AAITS Teaches Undersea Acoustic Analysis to Navy Sonar Technicians
U. S. Navy
Sonar technicians and their instructors.
Traditional classroom instruction and computer-based training (CBT) are effective methods of presenting and testing undersea acoustic data analysis facts and concepts. However, carrying out acoustic analysis at expert levels of proficiency requires extensive practice analyzing many acoustic datasets, or LOFARGRAMs, under the guidance of experienced analysts. To train sonar technicians more rapidly and cost-effectively, the Navy needed advanced software which complements traditional training methods by providing a practice-based learning environment and automated instruction.
Stottler Henke developed for the U. S. Navy an Acoustic Analysis Intelligent Tutoring System (AAITS) which enables students to practice the detection and classification of sources of underwater acoustic signals. The system is composed of a Scenario Authoring Tool and a Tutoring System. Acoustic analysis subject matter experts create scenarios using the Scenario Authoring Tool by annotating LOFARGRAMs with significant features and links among related features and assigning a final classification. Students use the Tutoring System to request LOFARGRAMs, annotate them with features and links, propose final classifications, and request comparison of his or her annotations and classification with those of the expert. By comparing the details of each student’s analysis with those of the expert, the Tutoring System can identify the acoustic analysis principles understood and correctly applied by each student in order to provide specific and individualized feedback. By storing LOFARGRAMs annotated by experts, the Acoustic Analysis Intelligent Tutoring System also serves as a knowledge repository to disseminate the most current acoustic analysis expertise to sonar technicians on land or at sea.

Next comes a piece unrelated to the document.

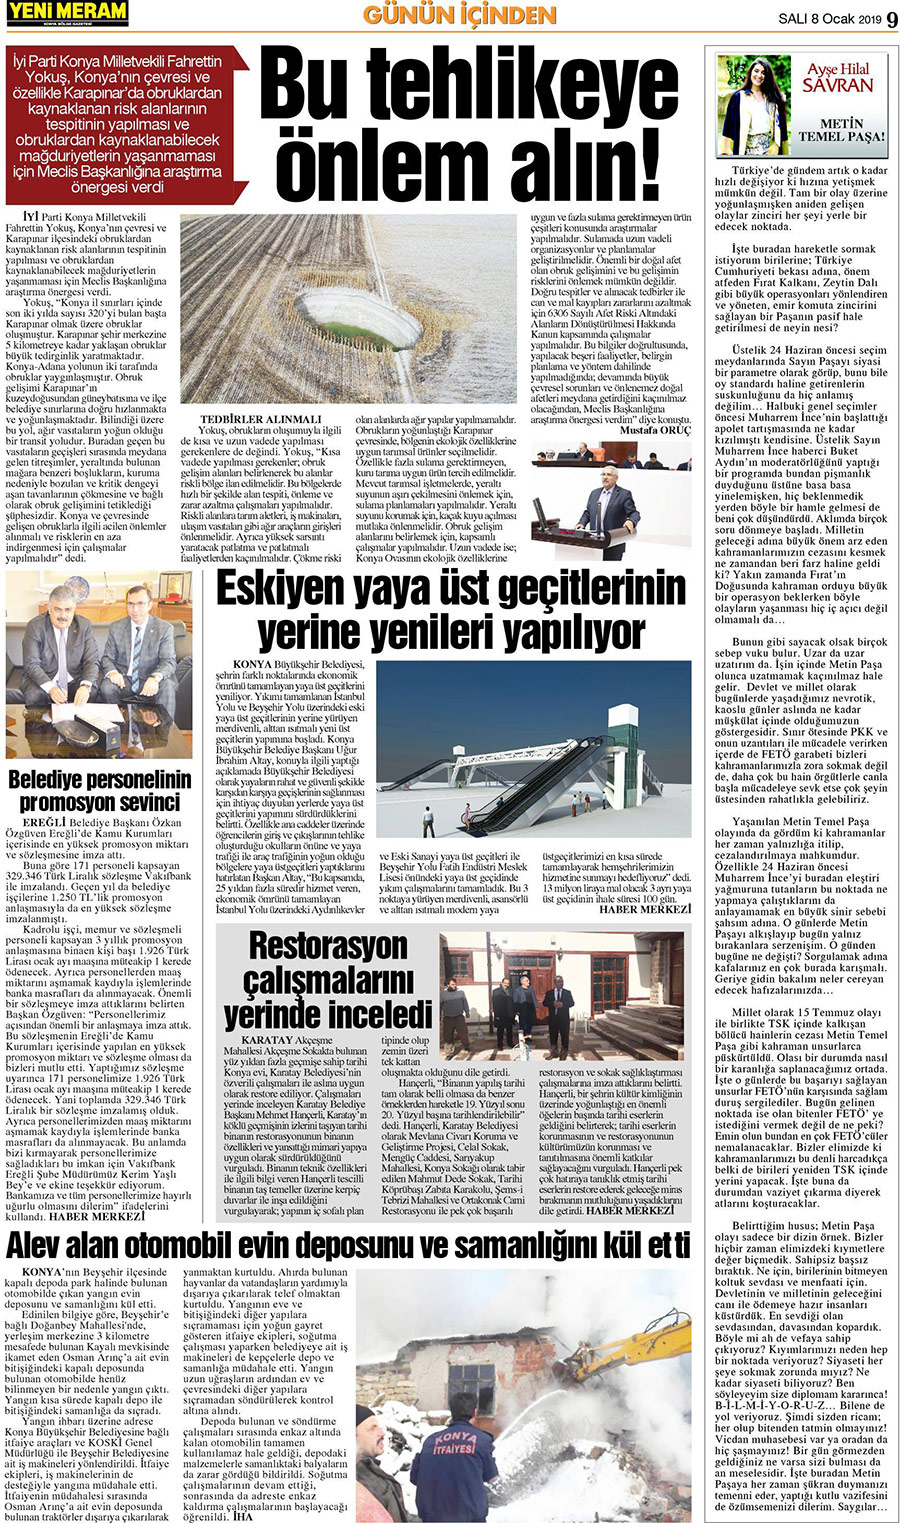 8 Ocak 2019 Yeni Meram Gazetesi
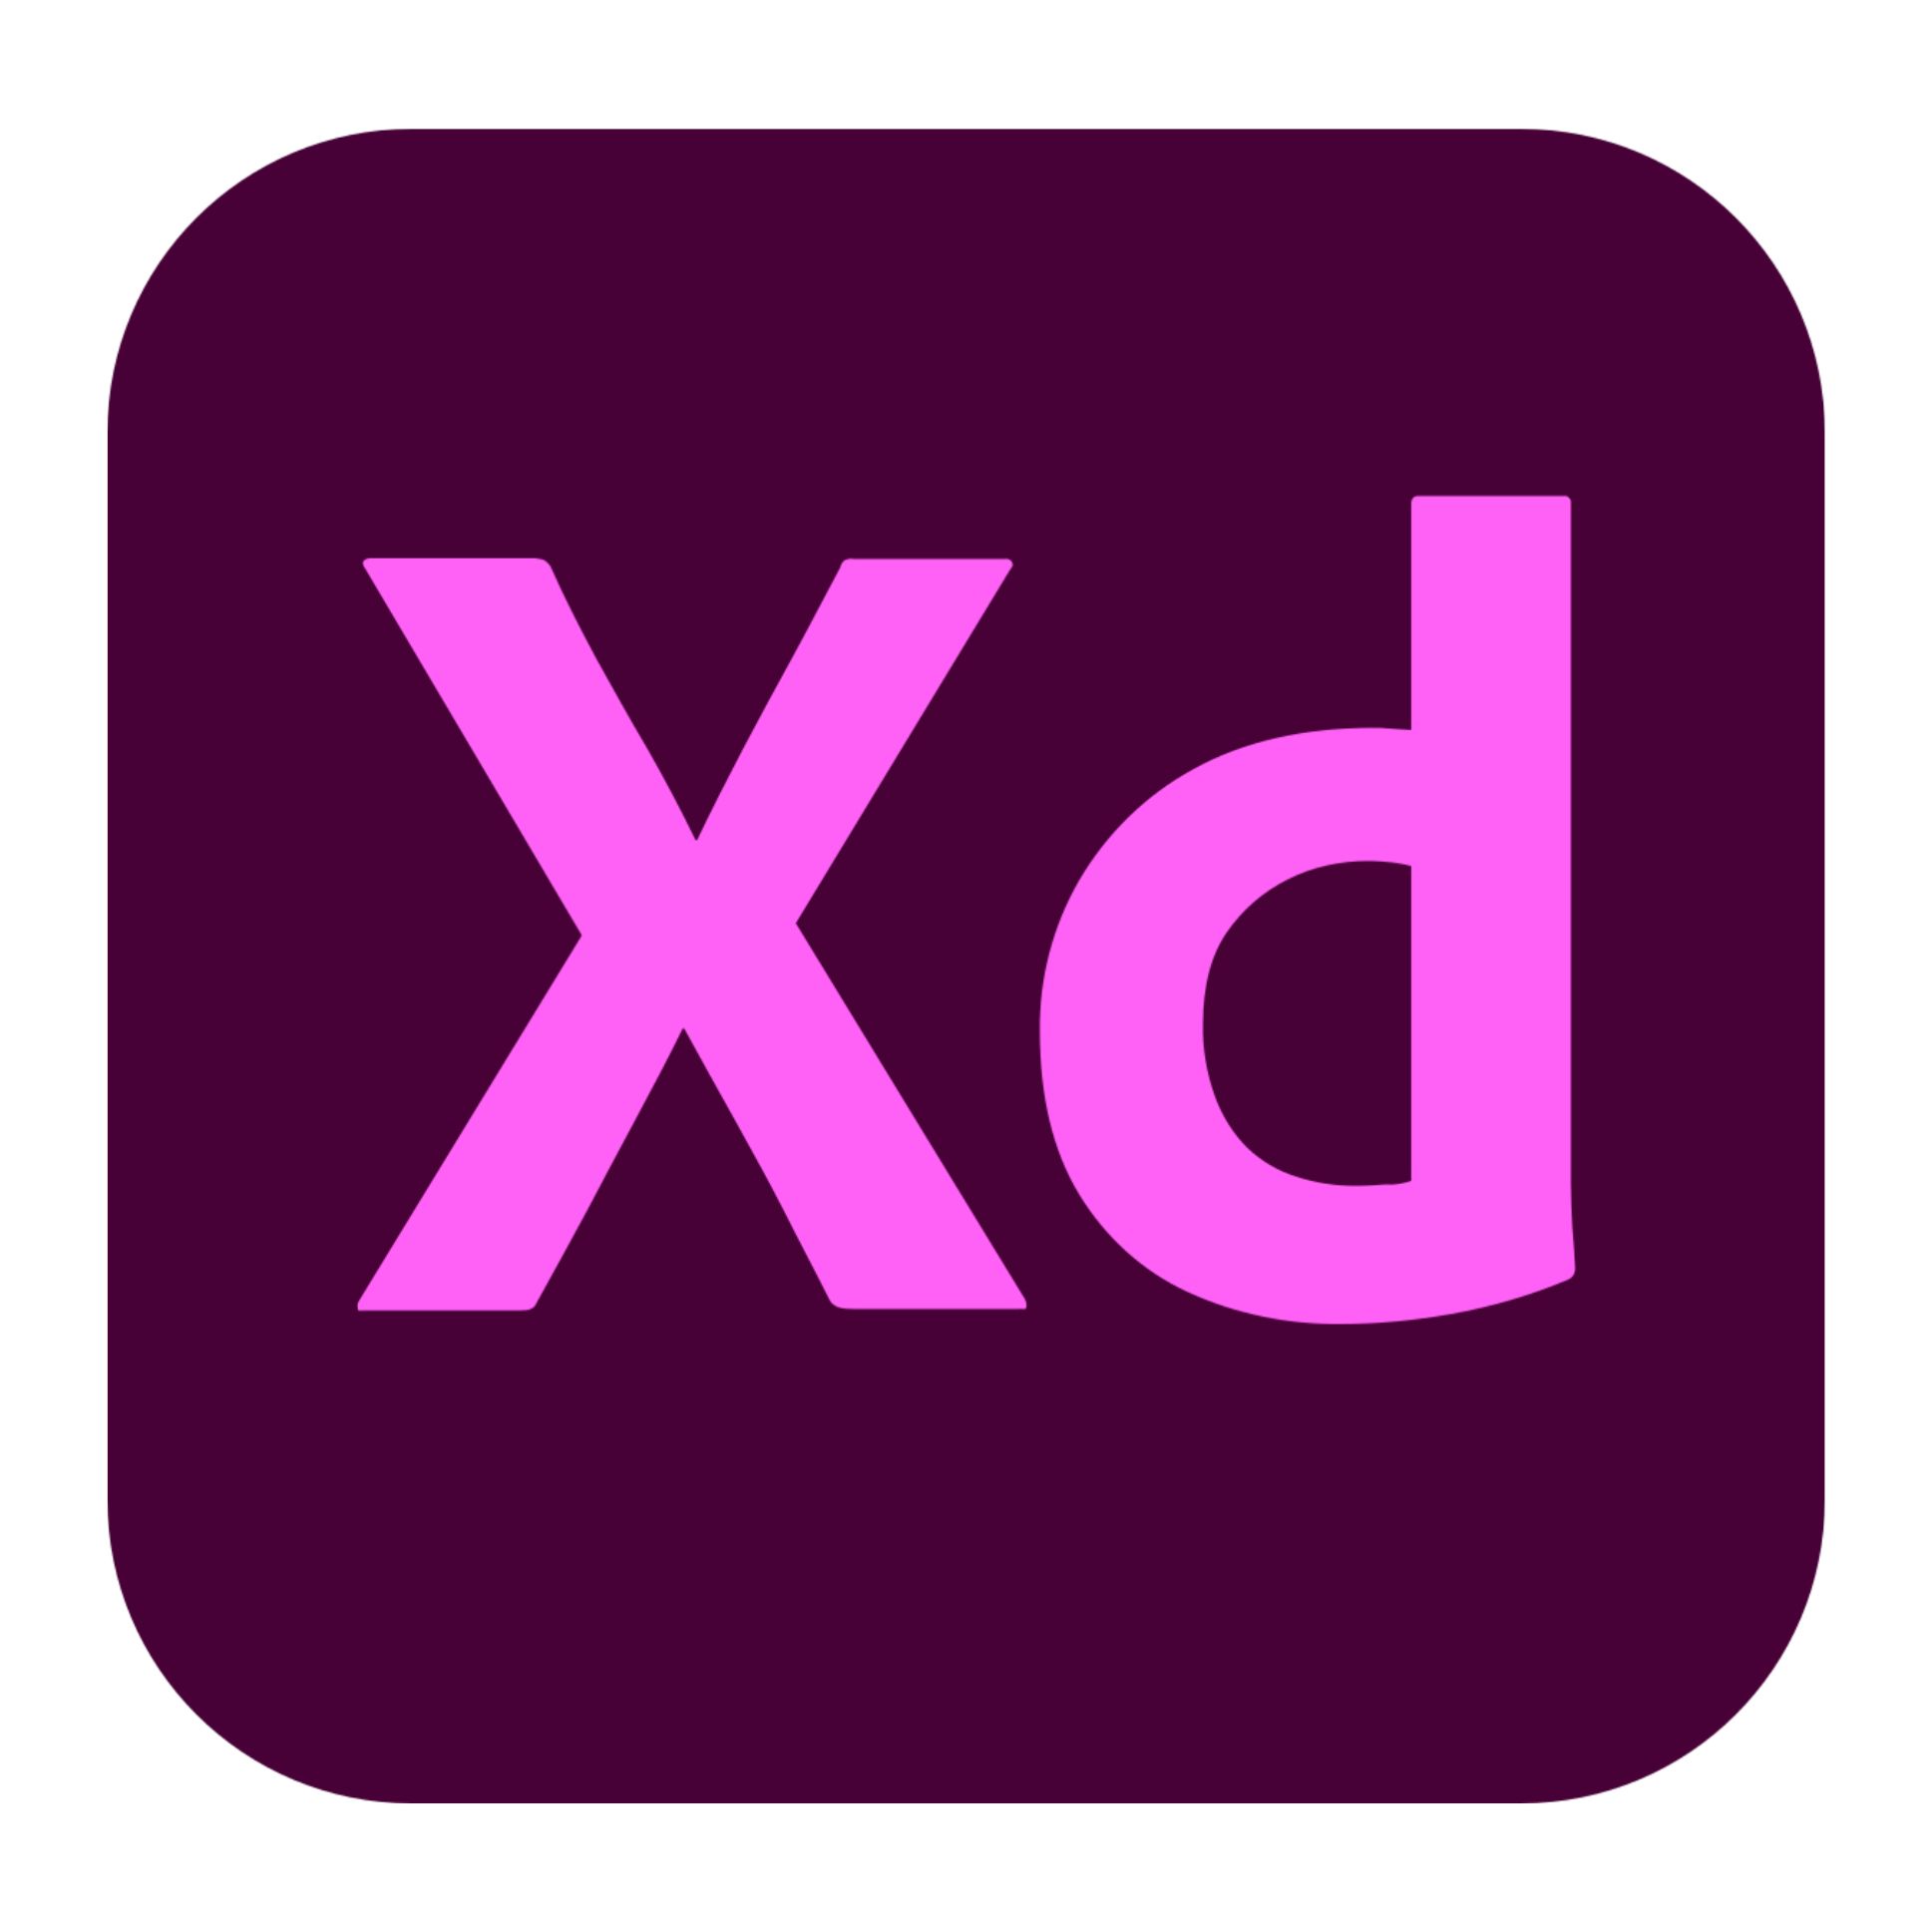 Adobe XD Image

AAITS has been deployed at ten sites within the Navy. The U.S. Navy designated AAITS as a Small Businesss Innovation Research Success Story.
The instructional method of automatically evaluating annotations of sonar data to assess students’ data analysis and interpretation skills can be applied to image, time-series, and other signal data. Related applications include medical image interpretation, visual defect inspection, and analysis of scientific, engineering, and business data.